Potato-based desserts? Yes, please.

The sweet potato creme brulee at the Rendezvous Bistro is a new favorite. The potato chip pie over at their sister restaurant, The Kitchen, is equally amazing.

 

“Like pecan pie without the pecans” is how The Kitchen server described their new potato chip pie. I didn’t think anything could top the skillet chocolate chip cookie topped with vanilla ice cream there, but a pecan pie without the pecans had the potential.

I’ve always thought suffering through pecans was the cost of eating a pecan pie. But with The Kitchen’s potato chip pie, it seemed I would not have to suffer through the nuts. And it was topped with potato chips!! Even though I’m usually so committed to The Kitchen’s skillet cookie that I don’t even look at the dessert menu, I had to try this new concoction. Especially since, two nights prior, I had had — and been amazed by — the sweet potato creme brulee at Rendezvous Bistro. Fine Dining’s pastry chef knows his way around tubers. (More about the creme brulee in a bit.)

I’m not going to say the potato chip pie is better than the skillet cookie, but it is most delicious. And the server’s description doesn’t even begin to do it justice. It is so much better than a pecan pie without the pecans.

I’ve never had a pecan pie with a crushed oatmeal cookie crust or topped with salted dulce de leche ice cream. And I’ve never had a pecan pie topped with crispy potato chips. I’d dive into a pool of the salted dulce de leche ice cream if I could.

It’s been less than 24 hours since I’ve eaten this pie and reliving it now has me dreaming about my next piece.
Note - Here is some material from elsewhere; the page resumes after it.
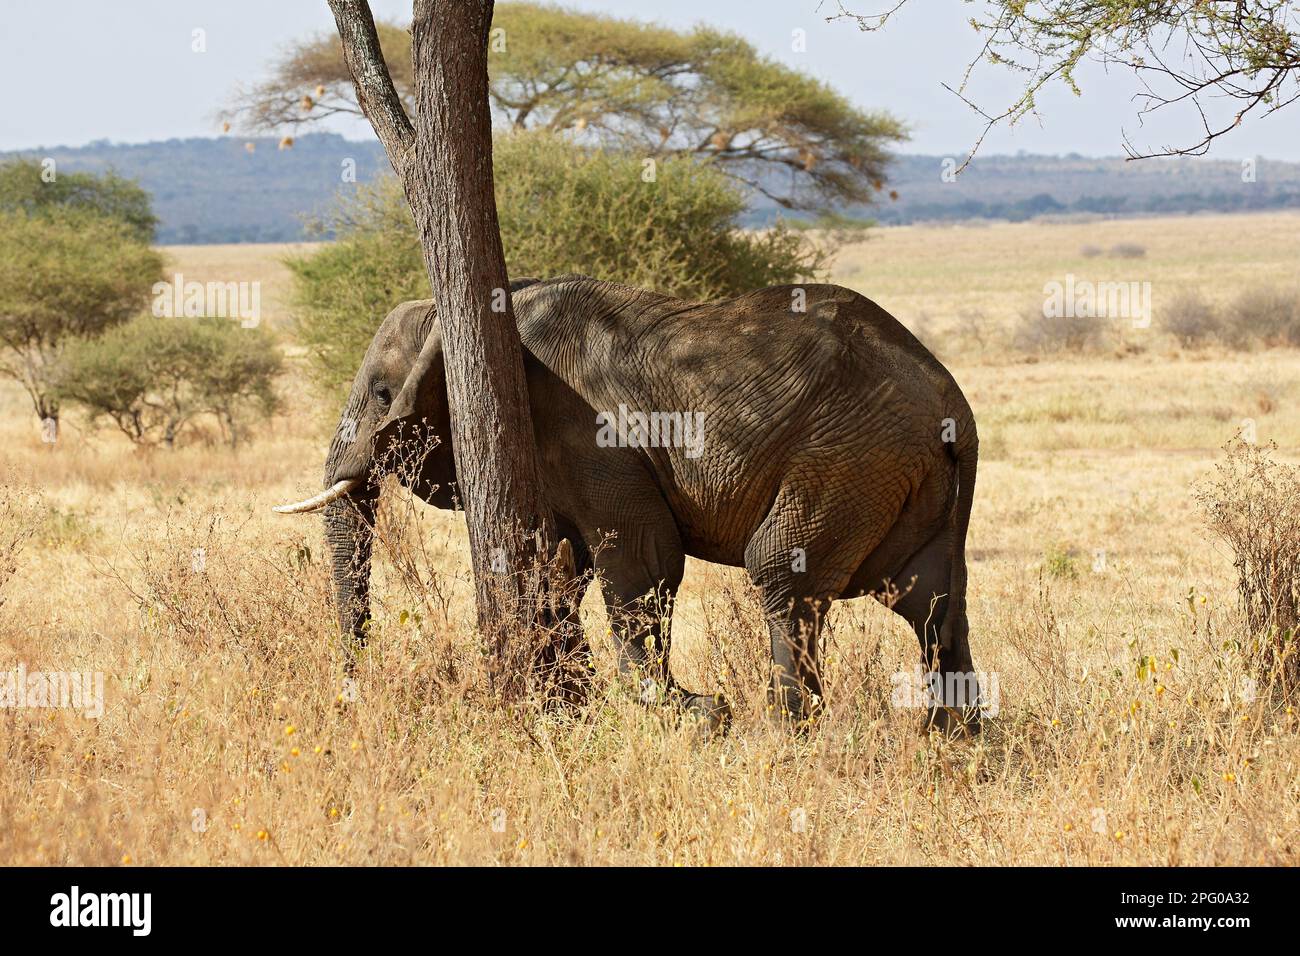 African elephant (Loxodonta africana) rubbing itself, Tarangire National Park, Tanzania Stock Photo

I swear this dreaming-about-pie is much more a statement on the pie’s deliciousness than on anything lacking in my life.

And then over at Rendezvous Bistro is a sweet potato creme brulee. Now, had I just wandered in there and seen “sweet potato creme brulee” on the dessert menu, it wouldn’t have been on my radar to order. Chocolate belongs in dessert, not vegetables (unless it’s carrot cake smothered in cream cheese frosting).

Before I saw sweet potato creme brulee on the dessert menu, though, no fewer than three separate people had raved to me about it. Three people whose taste buds and sweet teeth I trust implicitly.

And they were not wrong. I liked the sweet potato creme brulee more than regular creme brulee. The first few bites, I did miss the crunchy sugar layer traditional creme brulees have on top, but that disappointment quickly dissipated as flavors of sweet potato goodness caressed my taste buds. It wasn’t overly sweet and it was perfectly custard-y.

I never thought I would say these words, but “Long live potato desserts!”